Public Schools: The Use and Misuse of Power

For the third time since the start of the school year on Sept. 9, most of New York City's public schools were shut down—in large measure owing to the actions of one man. At the urging of its belligerent president, Albert Shanker, the United Federation of Teachers again walked out on strike; more than 50,000 teachers abruptly abandoned their classrooms in the latest battle over the city's ill-planned efforts at school decentralization.

Before the week ended, everyone was shouting angrily at everyone else. Those teachers who crossed the picket lines in an effort to keep some 400 of the city's 900 schools limping along with skeleton staffs ran into a bitter barrage of invective. "Commies!" "Fascists!" "Nazi Lovers!" "Nigger Lovers!" shouted the highly confused strikers, many of them veterans of years of tortured teaching in the city's ghetto schools. Mayor John Lindsay, wearing a yarmulke, was jeered and insulted in a Brooklyn synagogue by a teacher-dominated audience as he tried to explain his stand on the strike. Shanker himself was shouted off the stage at a Manhattan meeting by a highly vocal crowd of black parents, who called him a white racist.
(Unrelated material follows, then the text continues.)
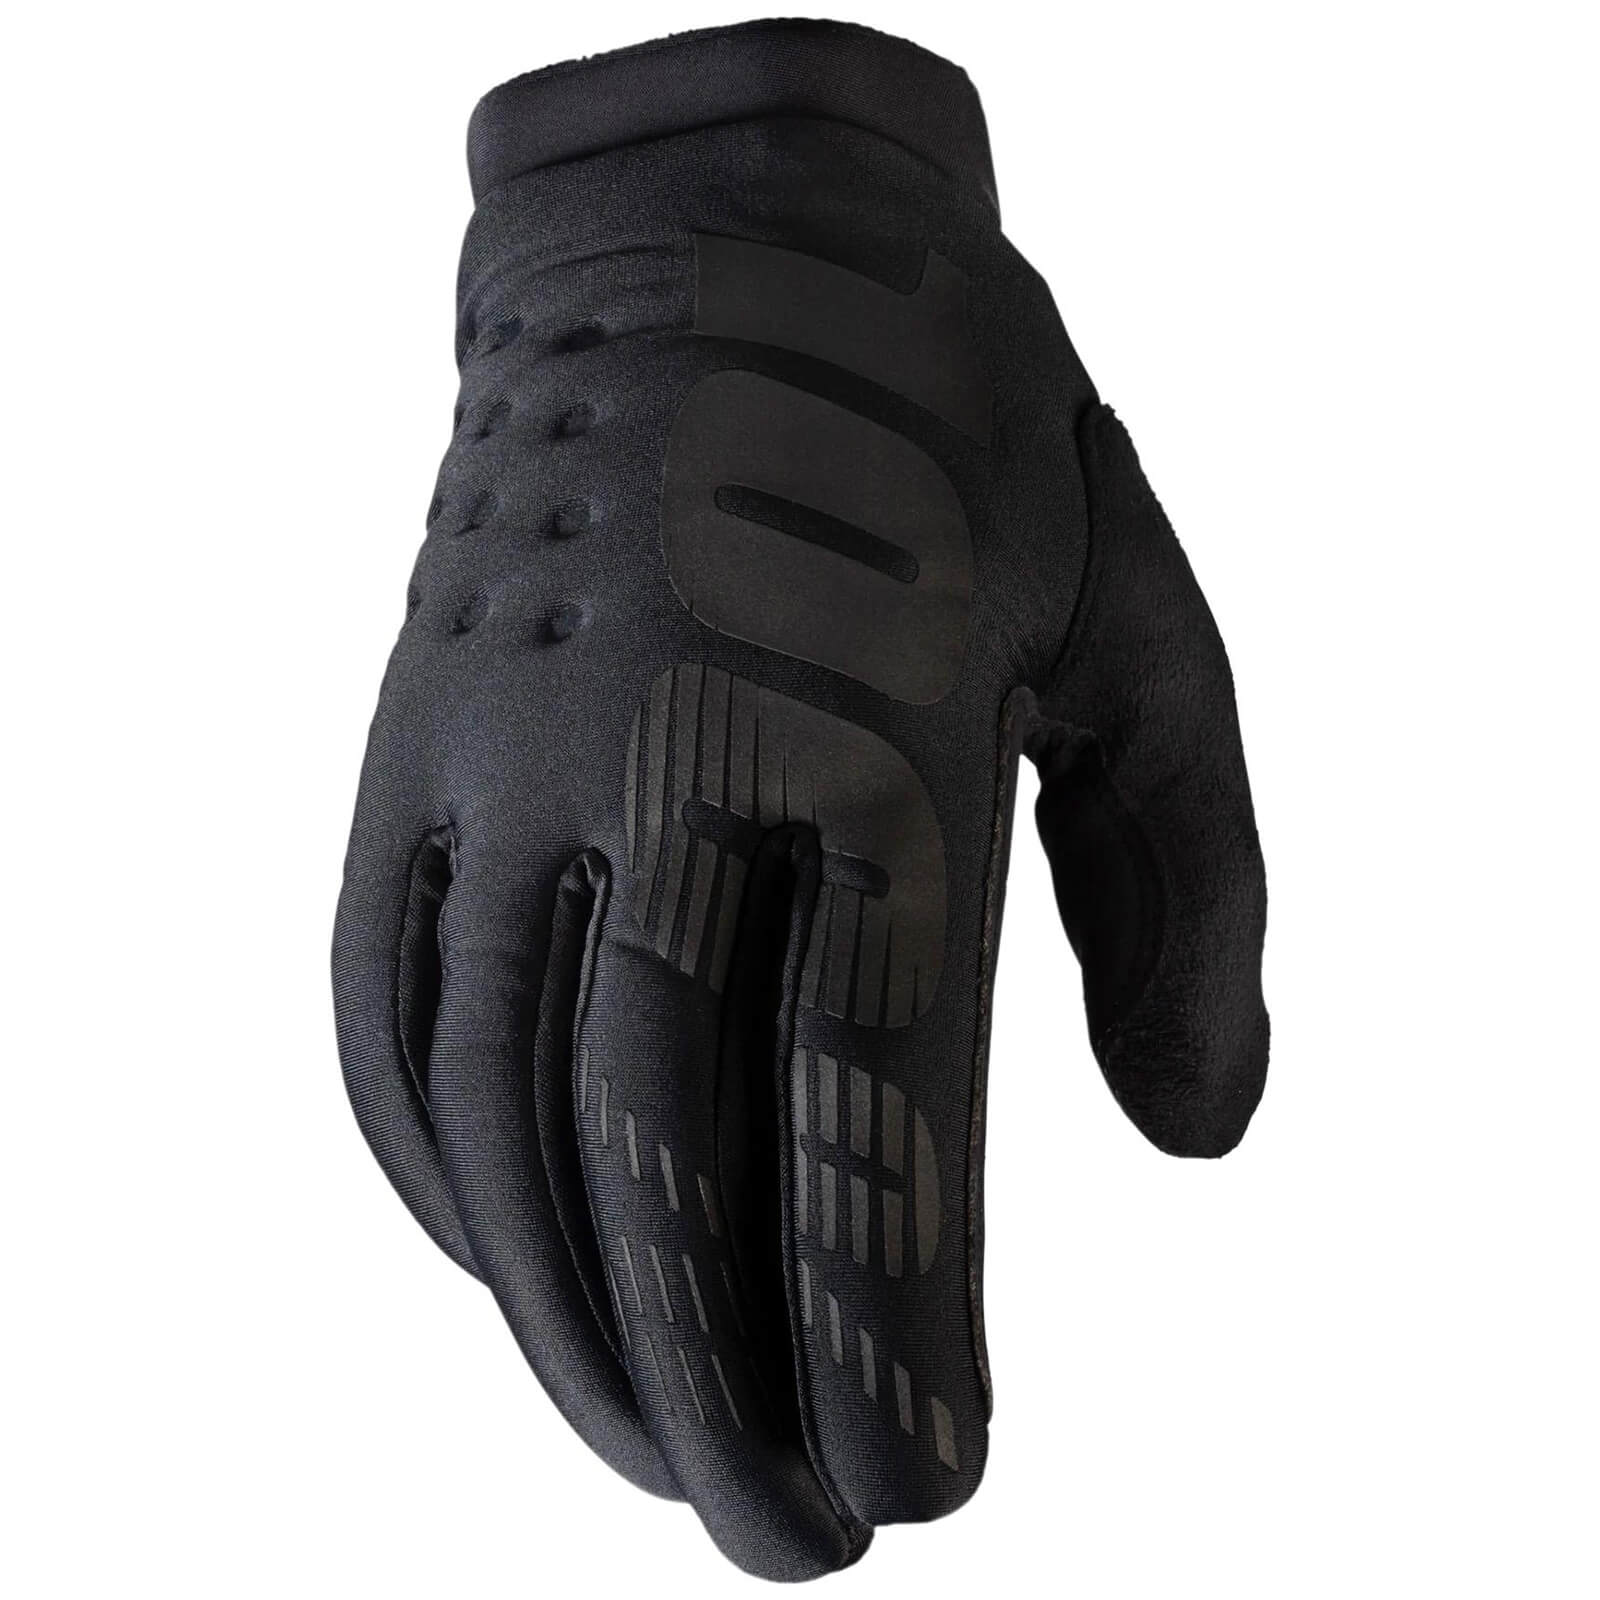 Image of 100% Brisker Cold Weather Gloves - Black / Grey / 2XLarge

Vomit from Hell. The issue reaches beyond New York. Washington, Philadelphia, Milwaukee and other large cities are also grappling with the problem of how to run a sprawling urban school system. Like New York, they are trying or considering experiments in decentralization, and some of the arguments for such experiments are persuasive. Citywide school boards tend to become remote and impersonal; parents, particularly in ghetto areas, want more and more to have a say in choosing teachers for their children. Yet the problem of how to delegate powers to local boards without disrupting a whole system can be staggering.
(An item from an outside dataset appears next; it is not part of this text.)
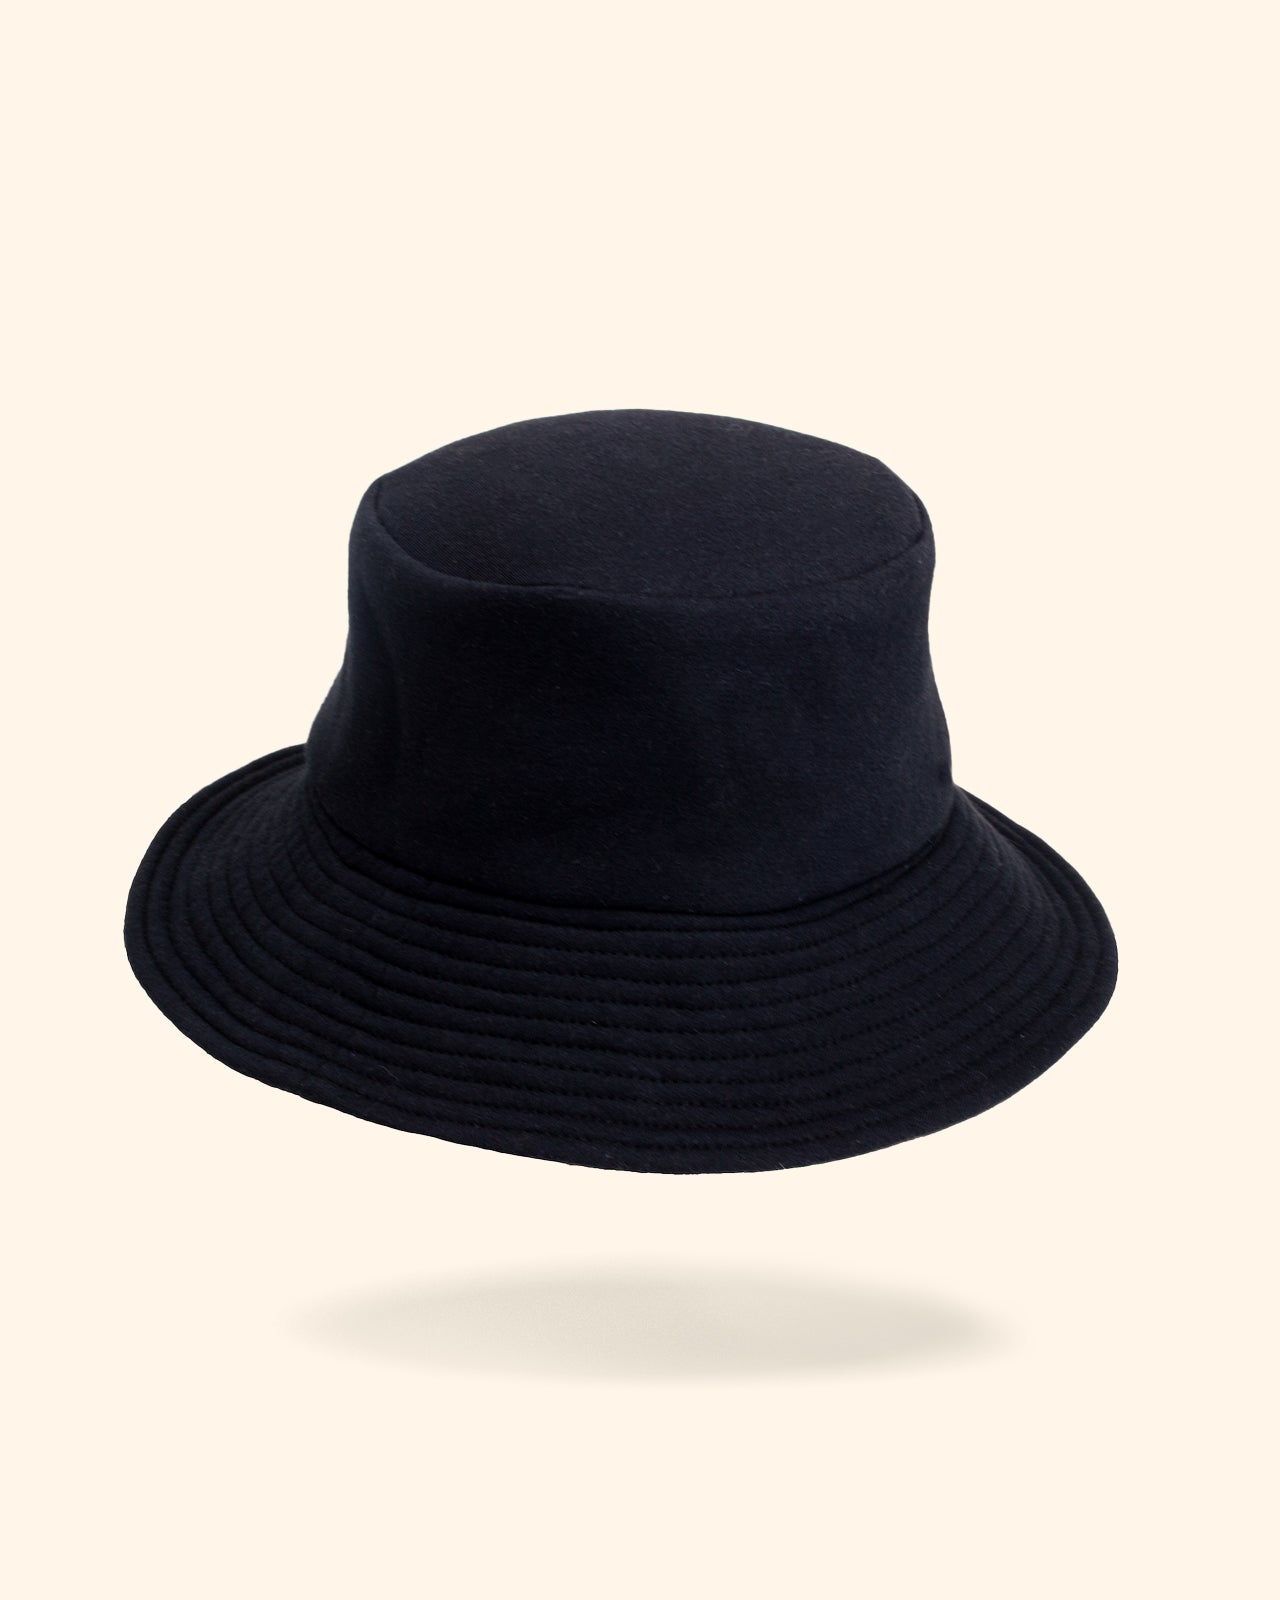 Silk hat

New York's trouble began after a neighborhood governing committee in the Ocean Hill-Brownsville section of Brooklyn summarily transferred teachers because they were supposedly trying to sabotage the experiment. The committee was never able to document its harsher charges, but it stubbornly refused to back down, and hired its own nonunion instructors. The city's central school board finally suspended the Ocean Hill committee and its administrator, Rhody McCoy, because it refused to return the unwanted teachers to their regular duties. The move seemed to ease the crisis. The teachers were grudgingly accepted in seven of Ocean Hill's eight schools, and attendance throughout the citywide system returned almost to normal.
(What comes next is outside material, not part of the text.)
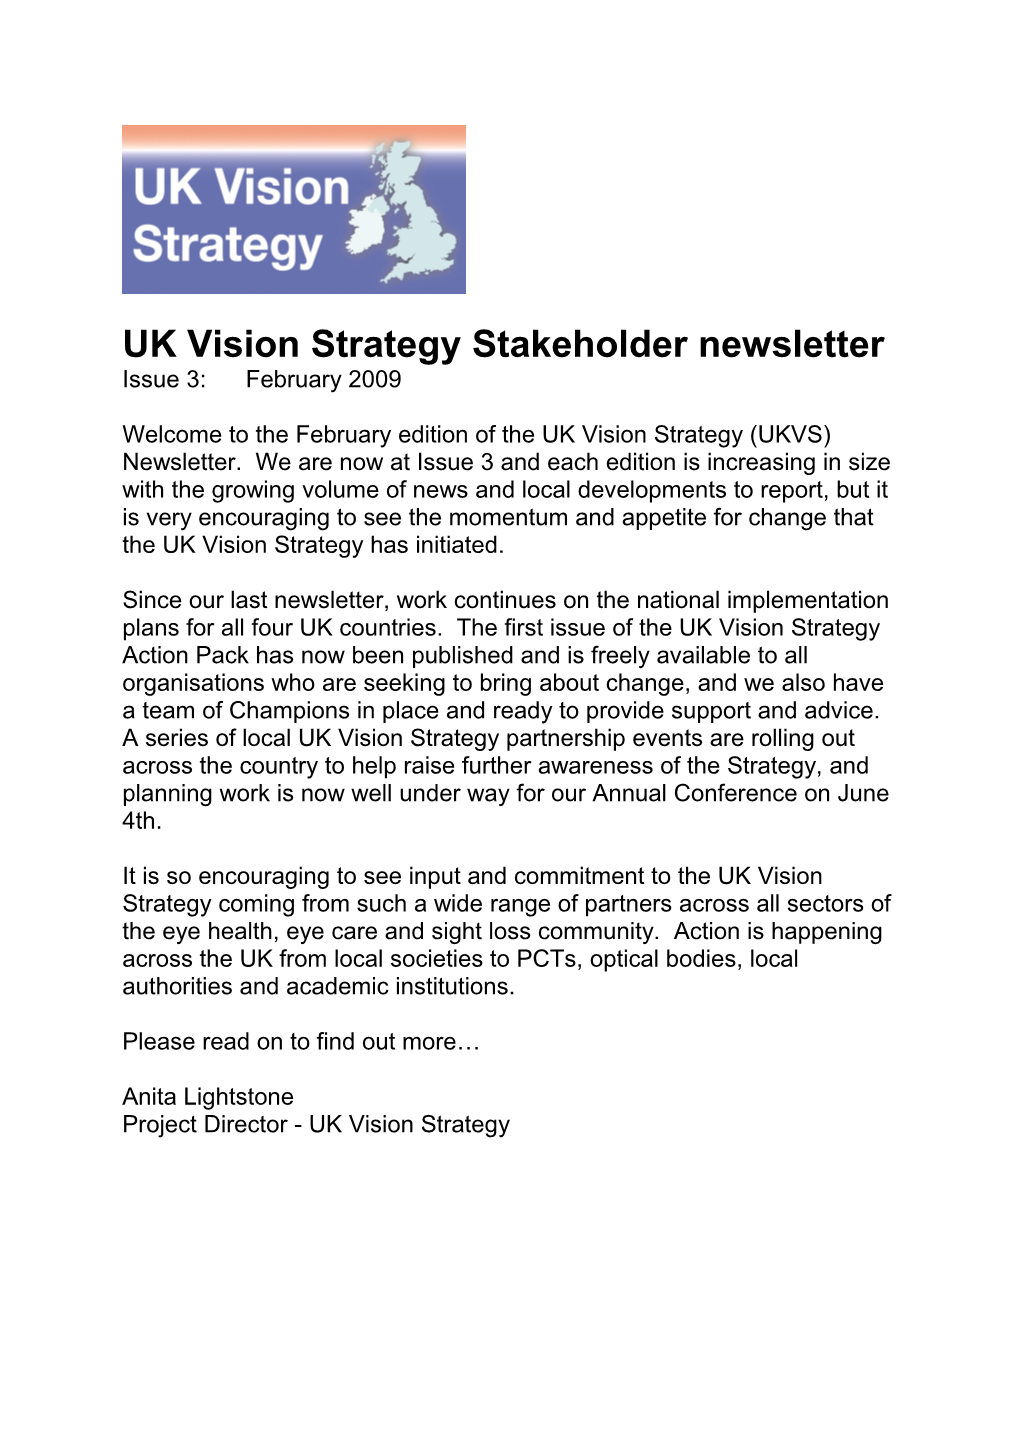 UK Vision Strategy Stakeholder Newsletter

But in Ocean Hill's heavily Negro and Puerto Rican Junior High School 271, the controversial teachers were harassed by the nonunion staff. One acting principal, herself a Negro, claimed that she was confronted and threatened in her office by outside militants and later intimidated by Ocean Hill Committee Chairman the Rev. C. Herbert Oliver—a charge Oliver dismissed as "a vicious lie, vomited from the jaws of hell."